Re: could someone translate this?
Welcome to the board.
I'm not sure who the comments that you have in quotes are from, but they seem to suggest greater "damage" that the MRI radiology report states.
It is important to remember that the MRI may show something that is less than 100% normal that is not causing the patient a bit of pain. Sometimes something will be noted that is only discovered when the patient has im.aging for another purpose. Therefore, any imaging is just one piece of the diagnostic puzzle. The physician will also perform a physical exam and take an oral history and ask the patient to describe any symptoms. This information will all be combined and correlated by the doctor -- putting all the pieces together -- to come up with the diagnosis.
In writing a radiology report, there is specific language that is used to describe the extent of a problem.
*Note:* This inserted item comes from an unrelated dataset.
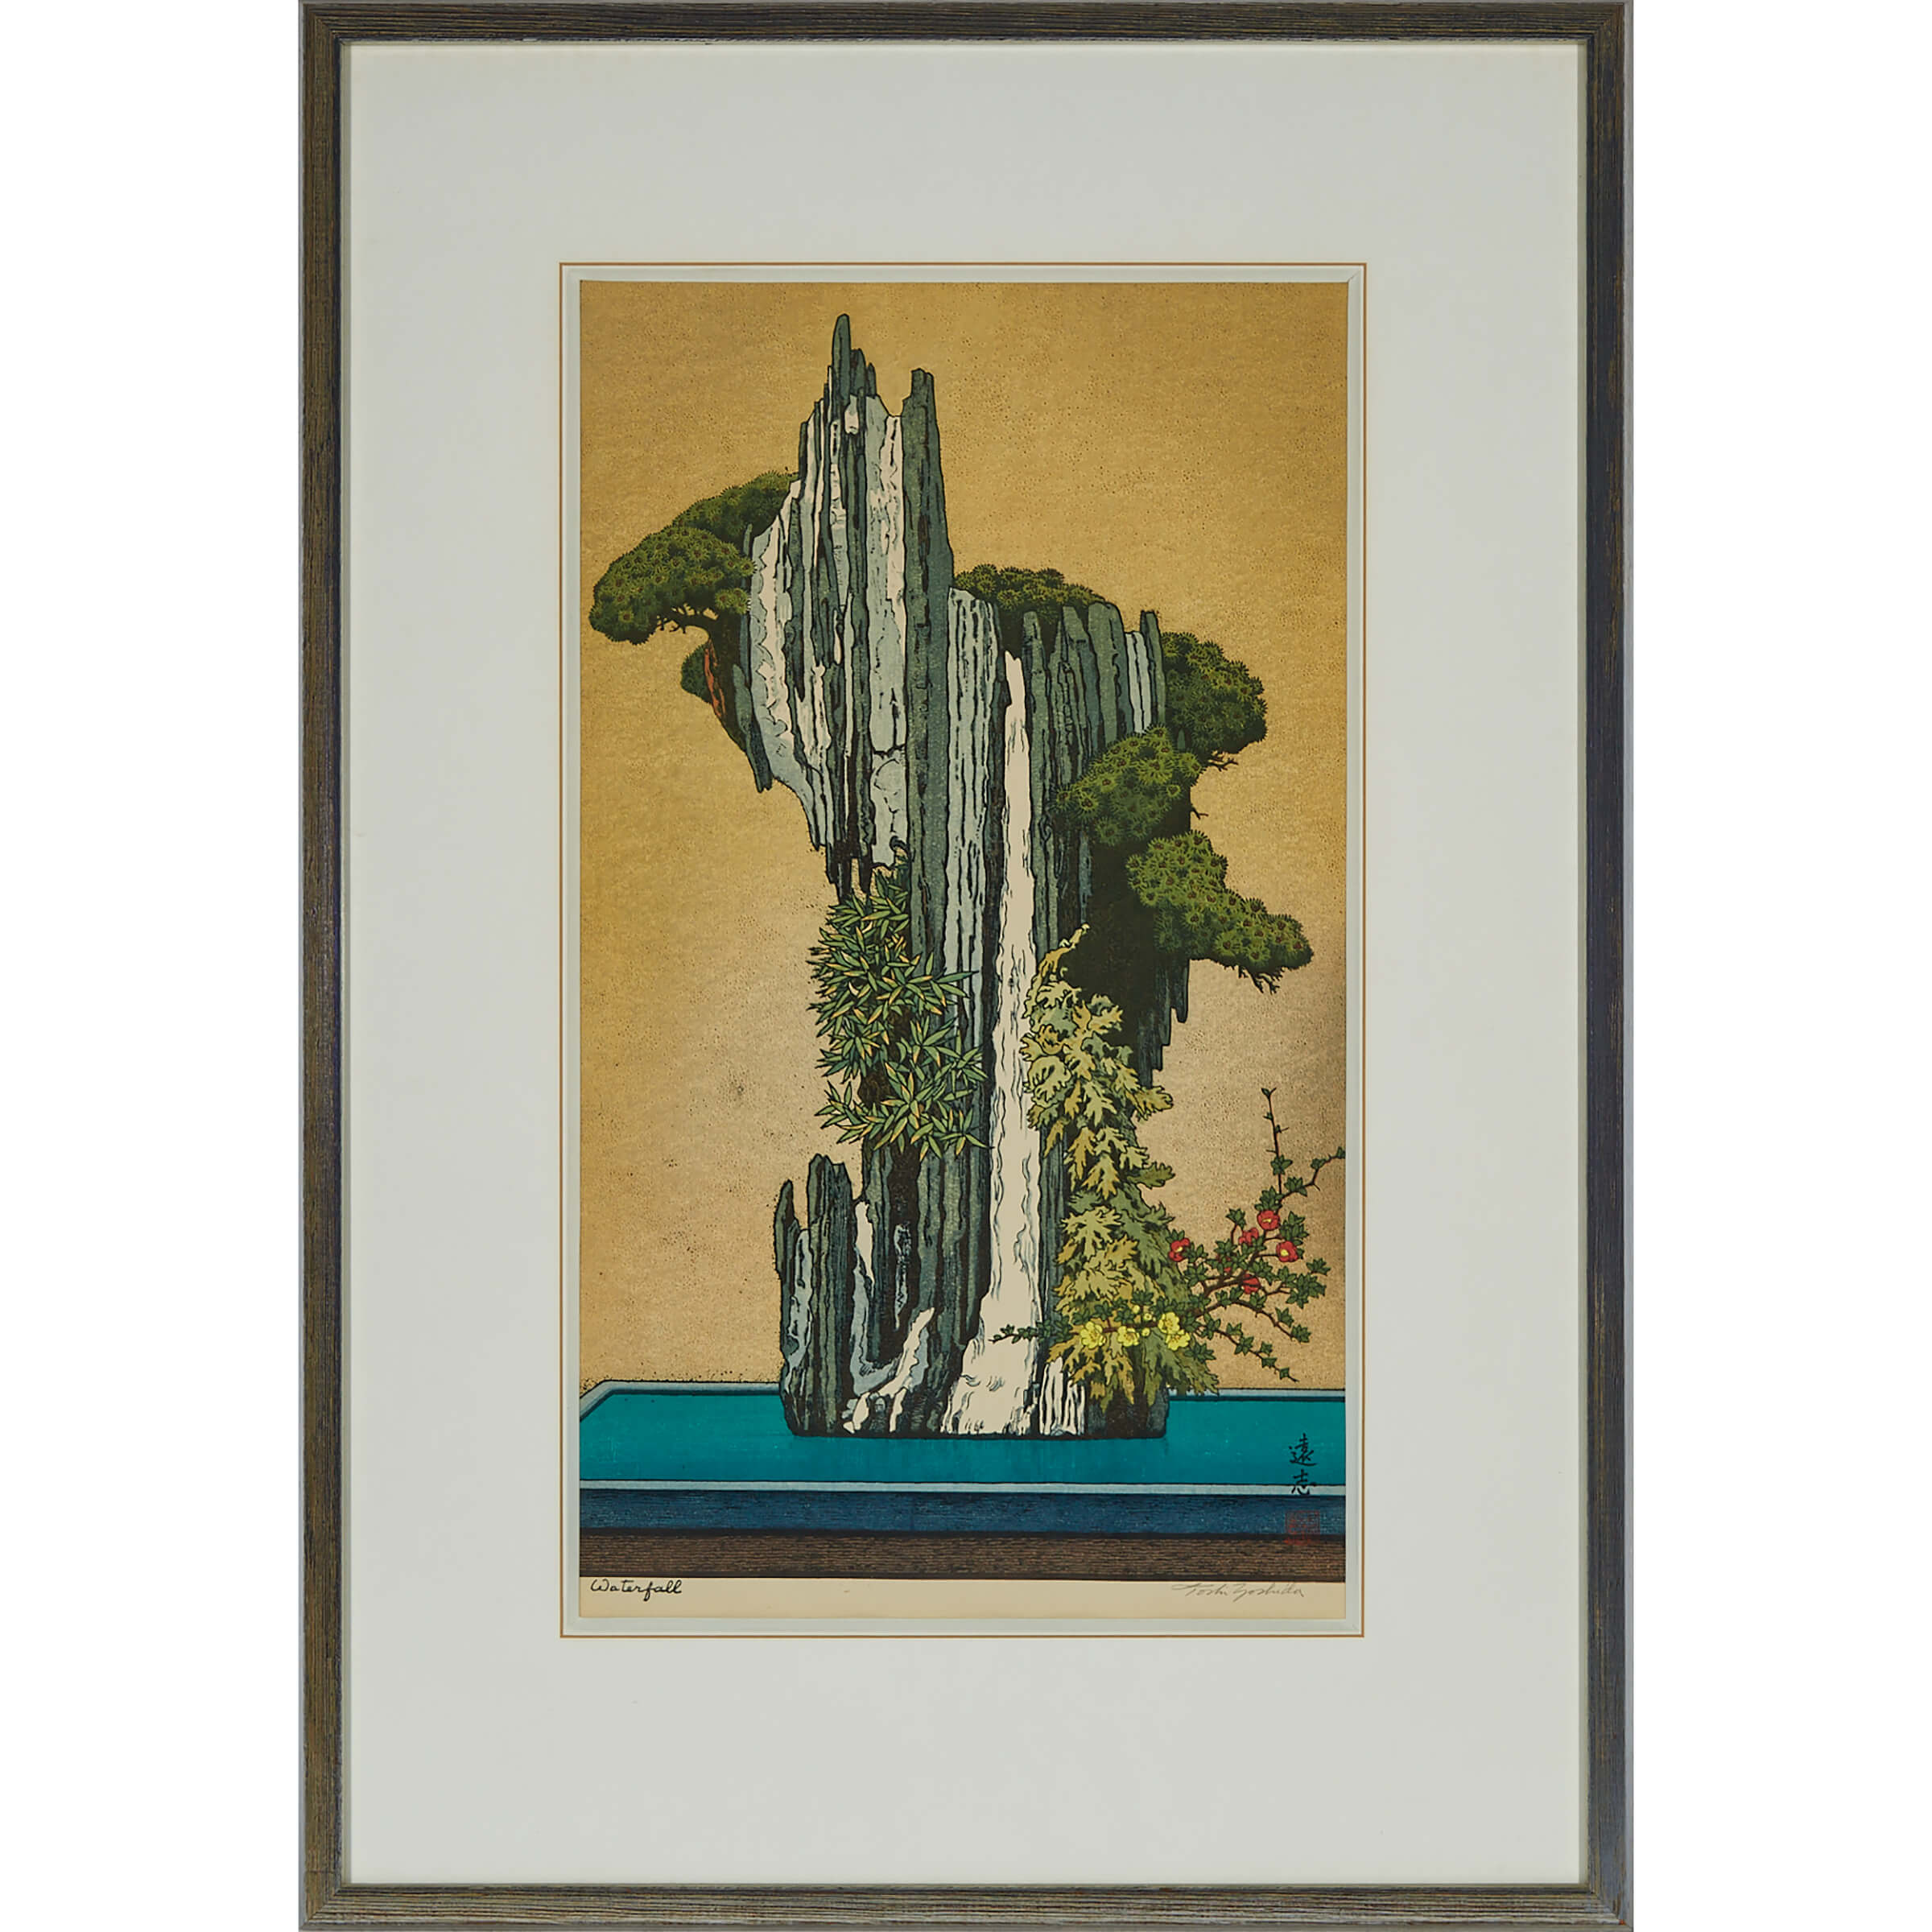 Toshi Yoshida (1911-1995), Waterfall
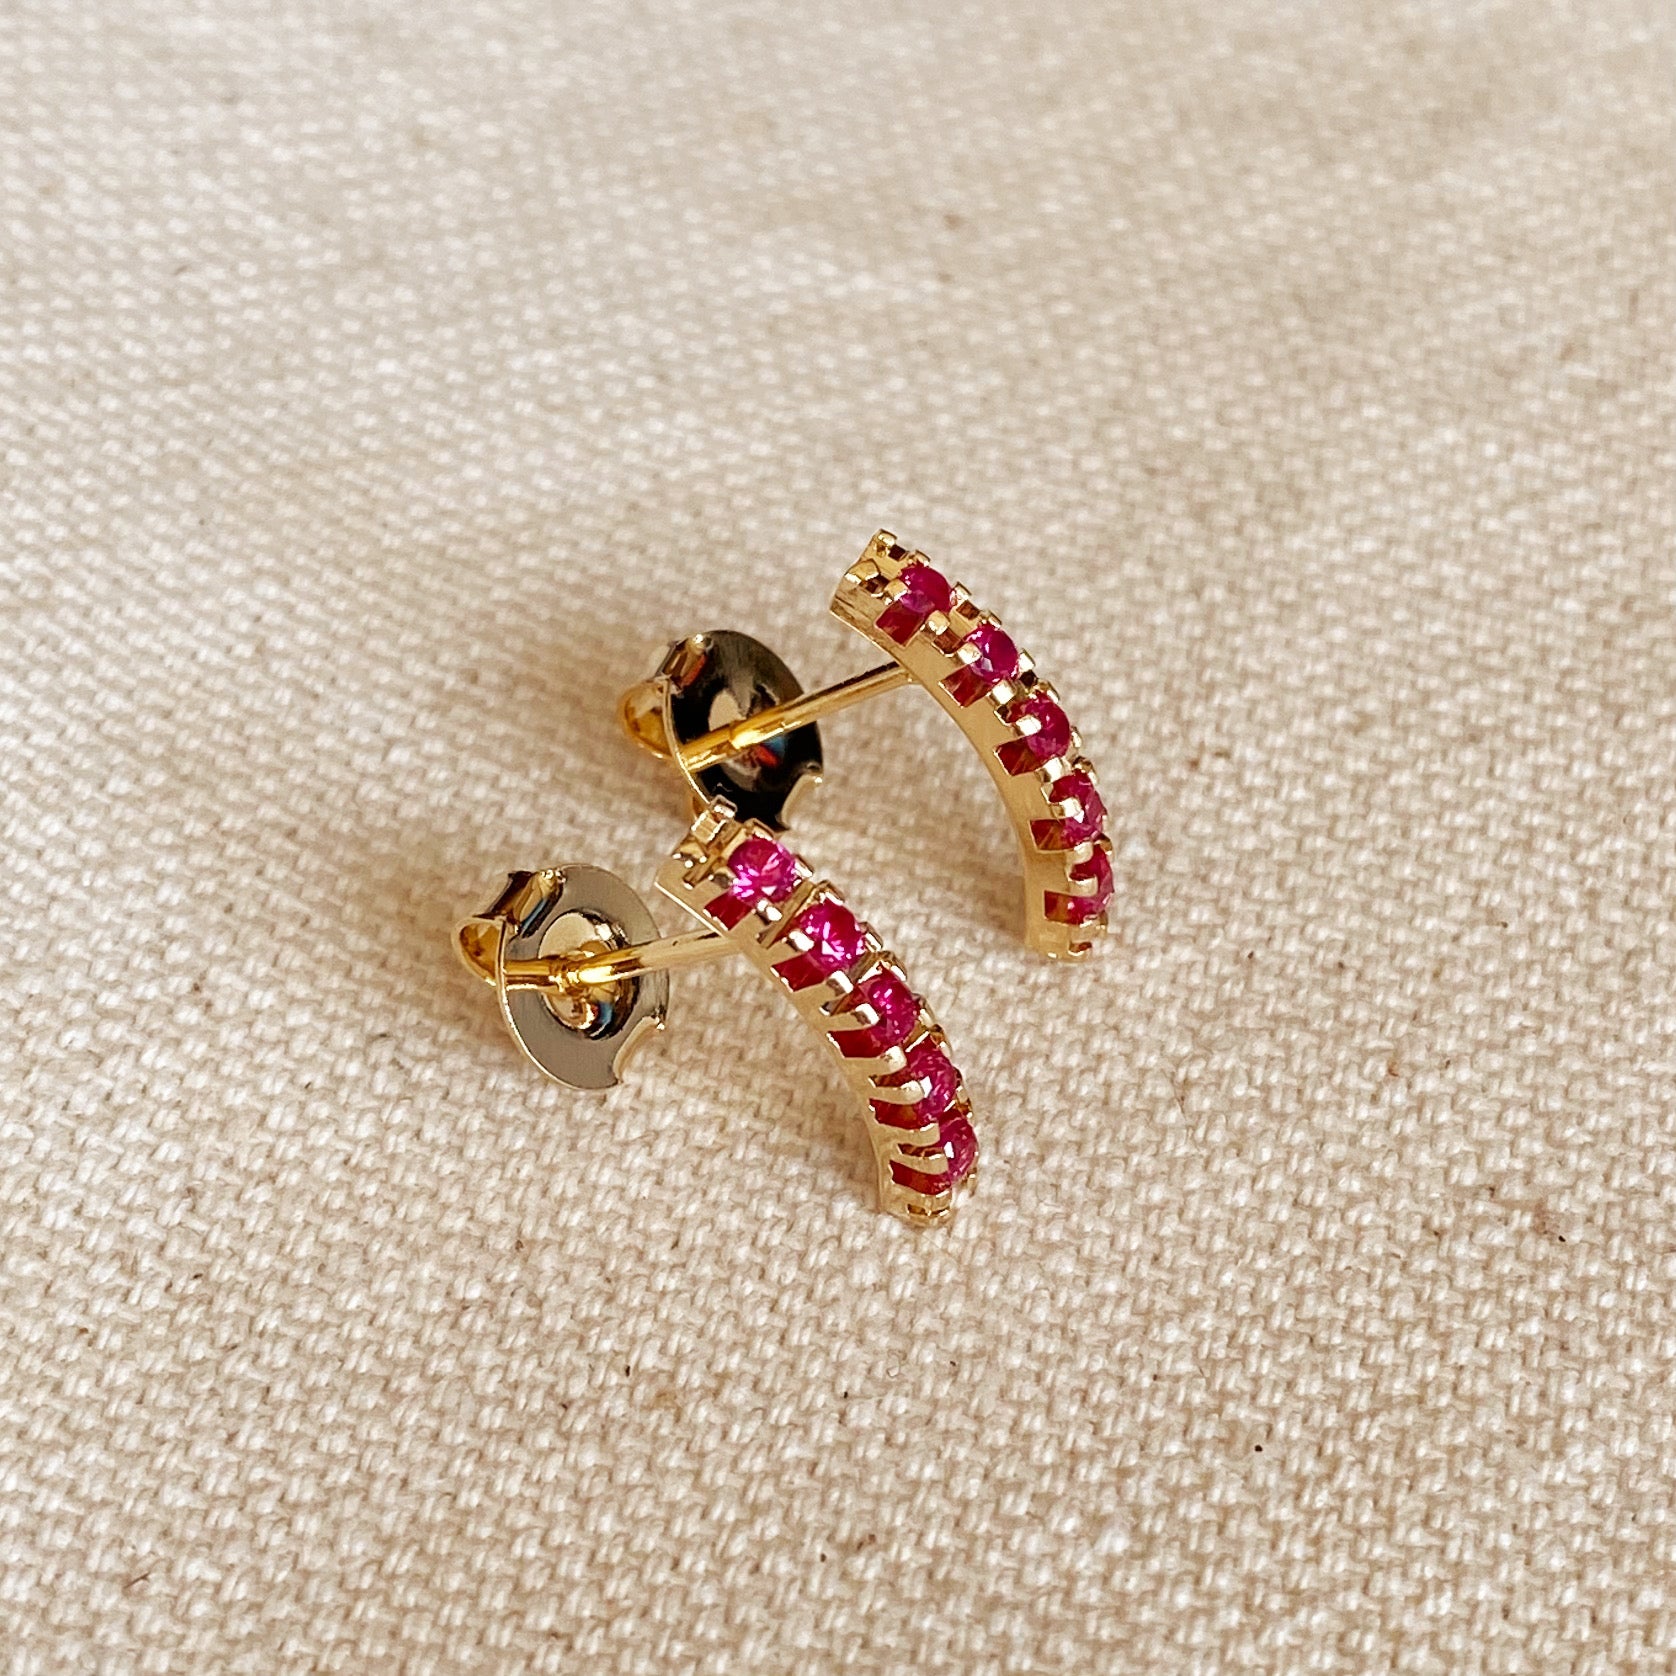 GoldFi 18k Gold Filled Curved Bar Fuchsia Crystal Stud Earrings

When you see the words "mild" and "moderate," it indicates that some issue out of the ordinary is noted, and is worth keeping an eye on, but it is nothing that would require immediate treatment. Surgeons would not recommend surgery for a problem accessed as being mild or moderate.
Everything in your lumbar spine is noted as being normal, with the exception of the L4-L5 segment. At this level, there are some signs of arthritic type changes that are showing on the endplate, which is the edge of the vertebrae. There is a slight amount of narrowing of the disc space at this level, and there is a "moderate" disc herniation at this level as well.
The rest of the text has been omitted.